As you know, women biologically outlive men, they live longer. If they are married, the wife usually survives her husband, and so we are going to see this effect of aging be especially burdensome on women, who are the major caregivers, and also the dominant majority, among those above eighty years old.
FM: In conclusion, let me ask you a question on the situation in the Arab world. Some have pointed to population shifts as a major force behind the so-called “Arab Spring.” Is this the case? If so, how?
JC: I think certainly, there was a major demographic component to the Arab Spring. Large numbers of youth, unemployed, unmarried, in urban centers. We have seen, of course, rapid urbanization of the world. This has especially been the case among the Arab countries. You take a city like Sana’a, you see it is a small town in the late 1970s, 1980, of several hundred thousand. Now, it is several million. Same with Riyadh, in Saudi Arabia: it is 400,000, and all of a sudden, it is several million. Rapid growth, and concentration of young men and women, who are looking for work, many of them educated, and they cannot find employment, they cannot get married because they do not have employment, they cannot set up a household. Great frustration, and it makes a big difference.
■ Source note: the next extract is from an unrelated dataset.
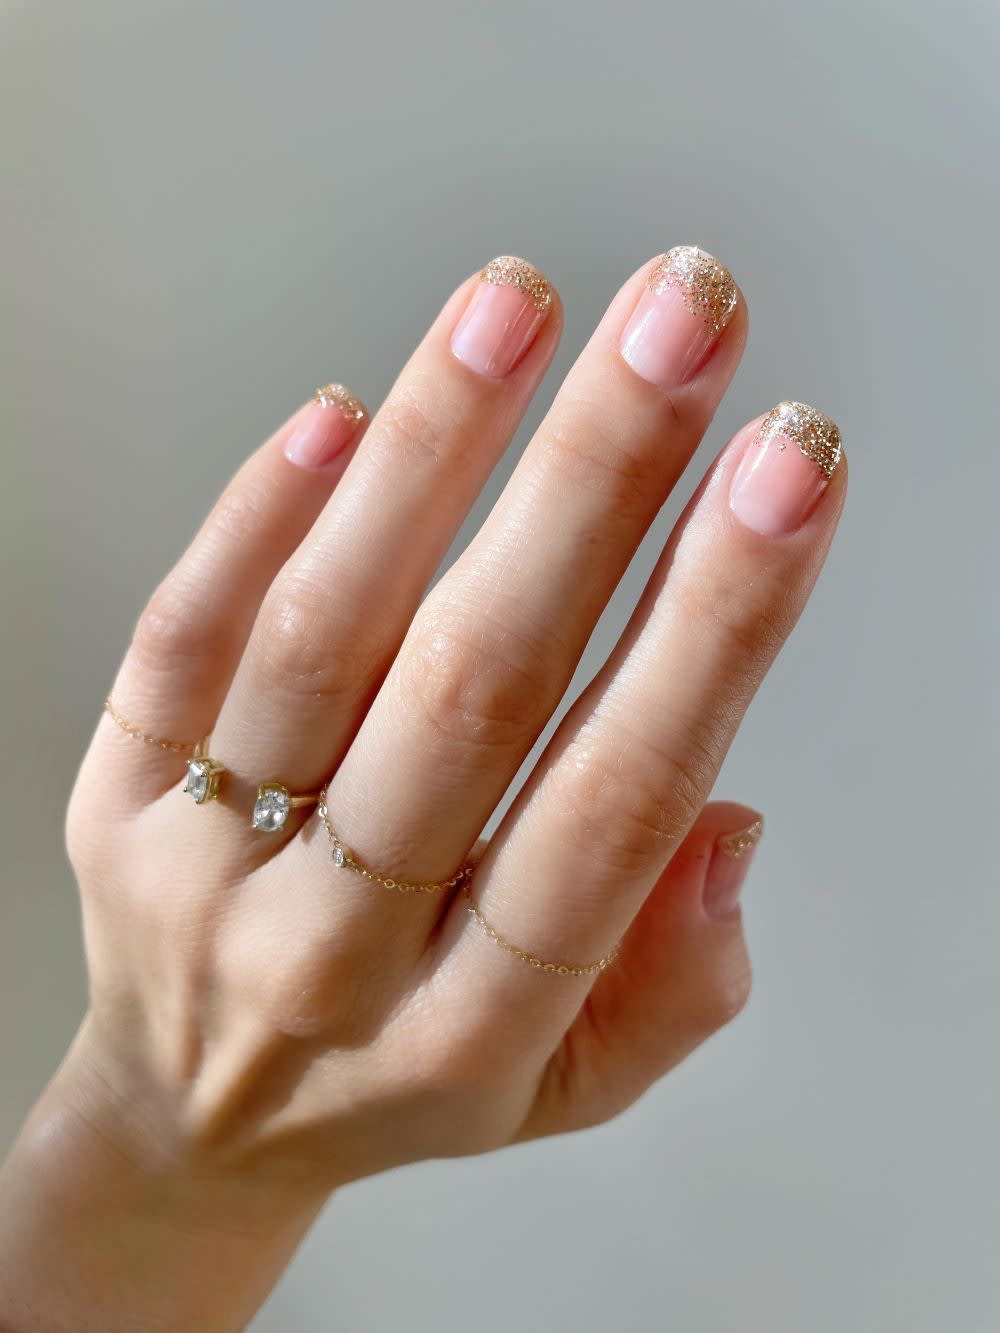 Glitter Polish 101 – Tips for Application, Removal, and Everything Between!  | KBShimmer Blog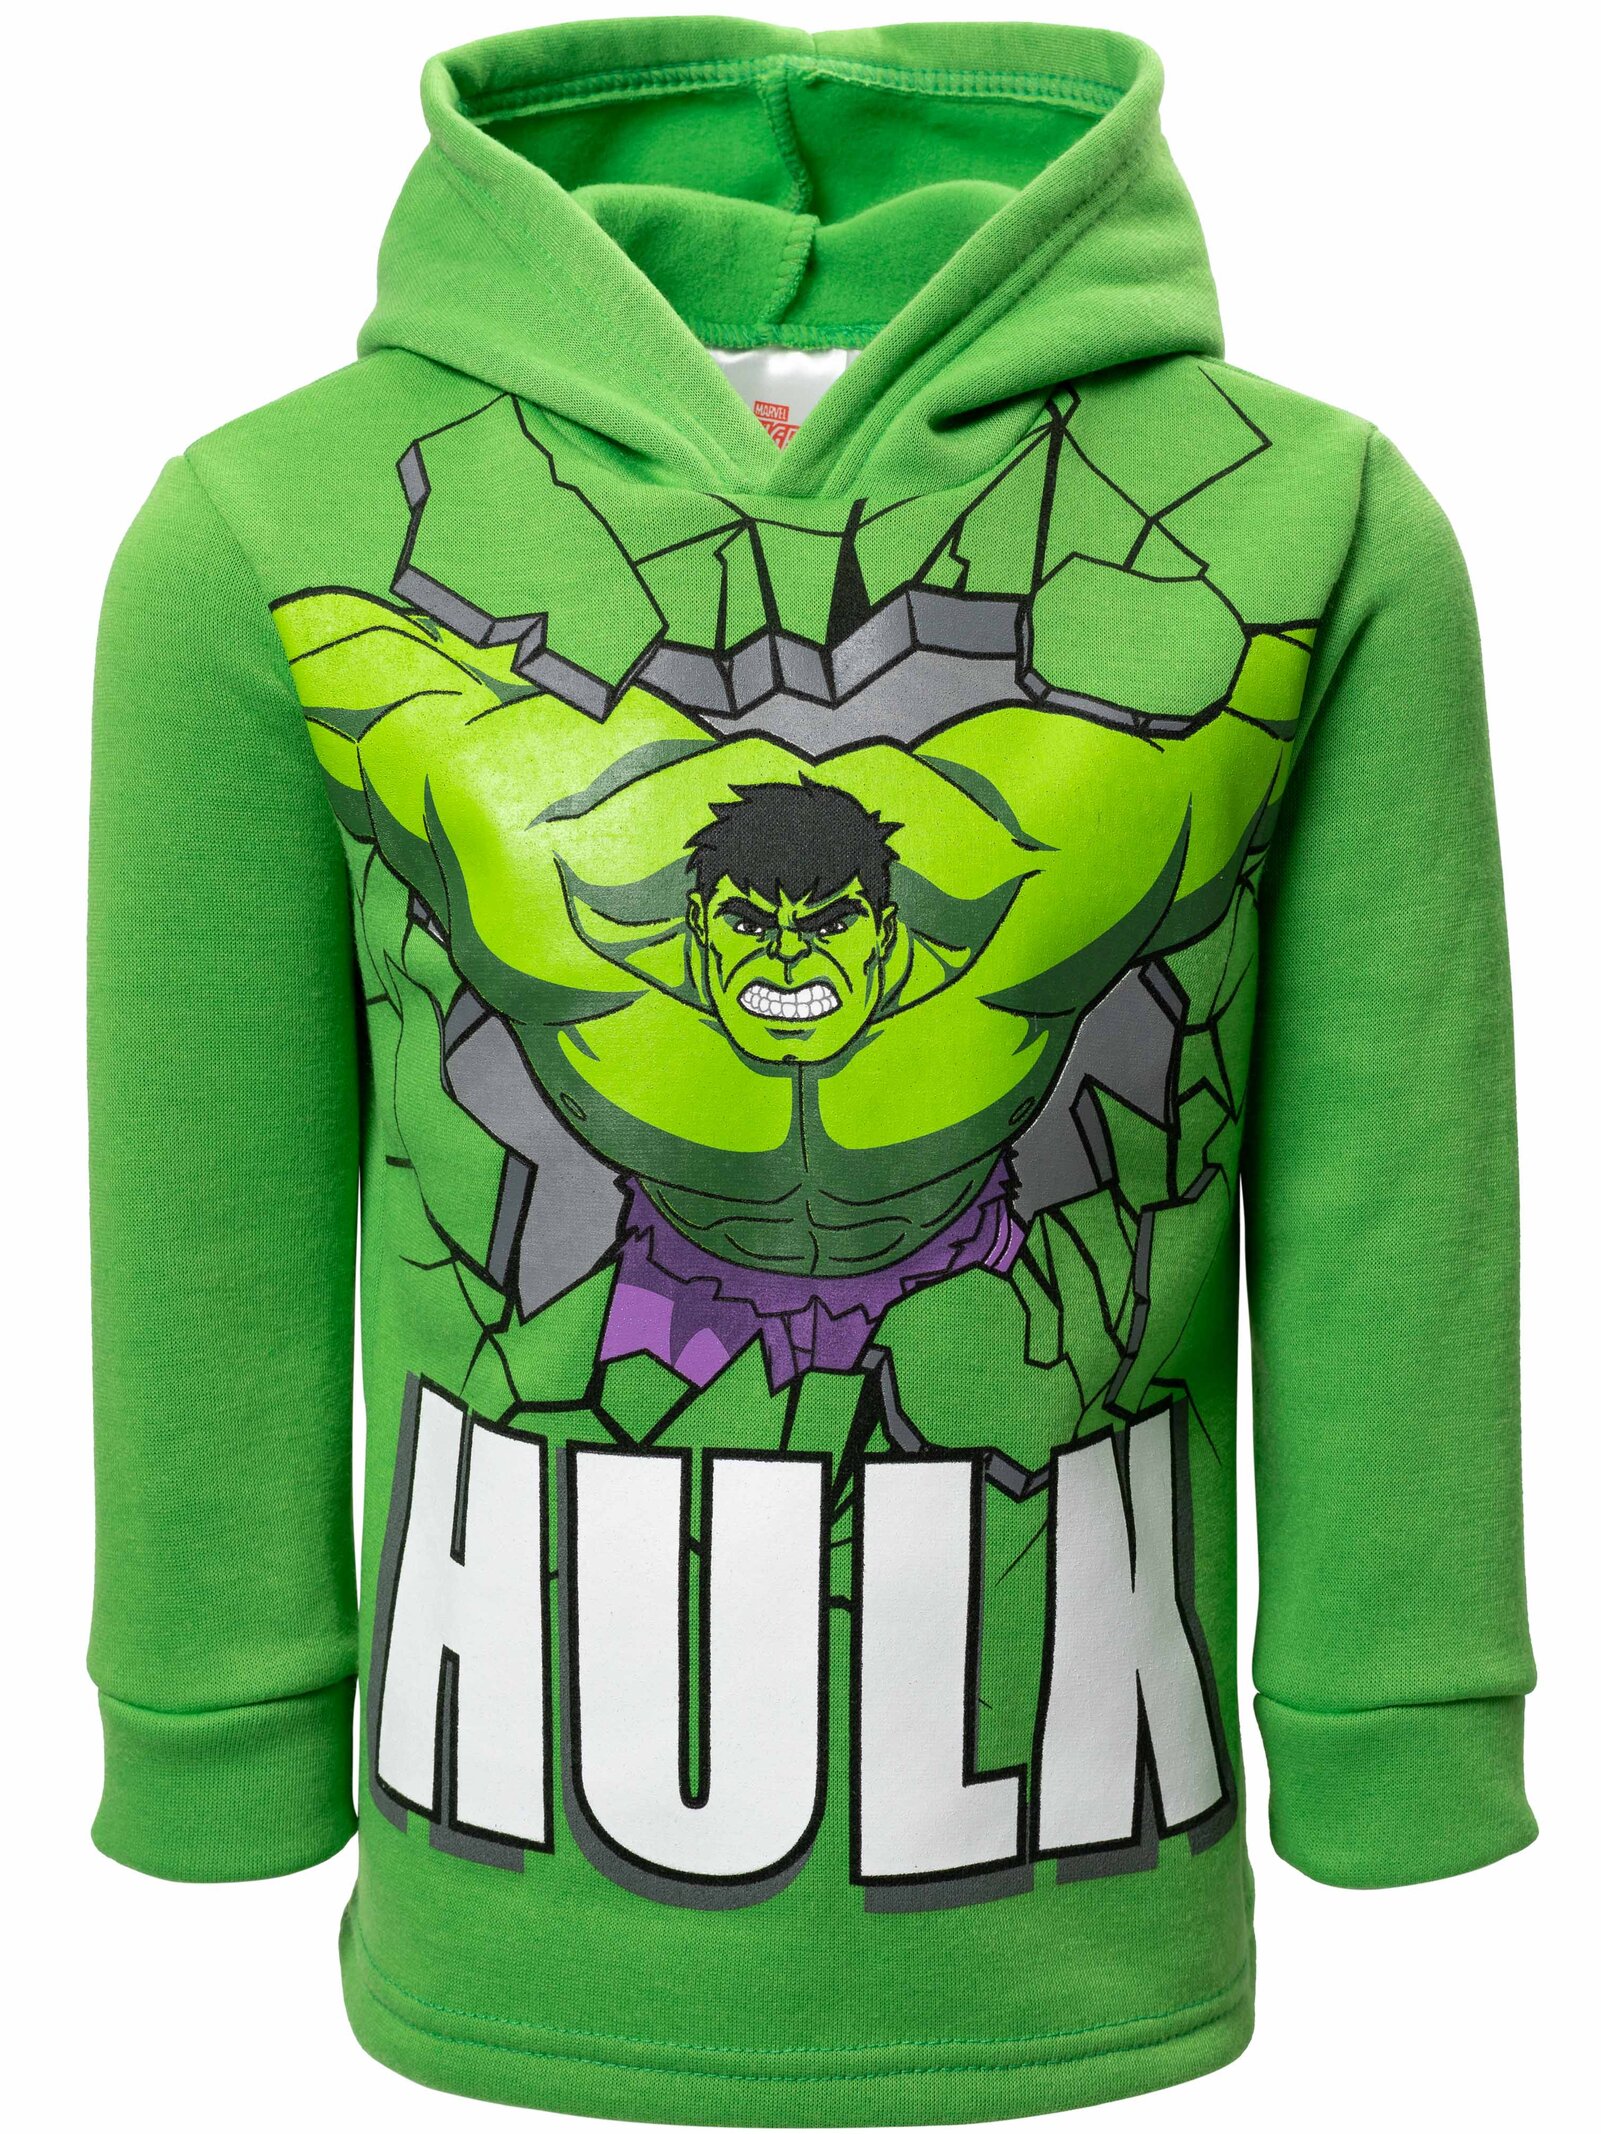 Marvel Avengers Hulk Big Boys Fleece Pullover Hoodie and Pants Outfit ...

The example I give often is if you are in the middle of a farm in Kansas and you are protesting, you may get the attention of a few cows. But if you are in Manhattan, or Riyadh, or Cairo, or Tunis, and you start marching with a poster, you will find hundreds following you. These people who are young, are energetic, and they are concentrated, so it had a very large impact.
Now, countries like Yemen, Saudi Arabia, Jordan, and many of the other Gulf countries are growing very rapidly. It is not only because of the large numbers of people in the reproductive ages and high fertility relatively, but they also have immigration in the Gulf states and these places. That is also contributing to factors. Laid upon this also, in some countries, are the demographic differentials by tribe, by religious group, by ethnic group, and this also has to be taken into account.
But absolutely, the demographic component, the youth bulge, and the large numbers of young men and women, unemployed, unmarried, and looking for changes had a very large role in this. We know the spark that caused this; we know the underlying factors, and we are going to continue seeing this type of thing until there is some kind of resolution in these countries, with regard to development.
FM: Thank you very much, it has been a pleasure talking to you.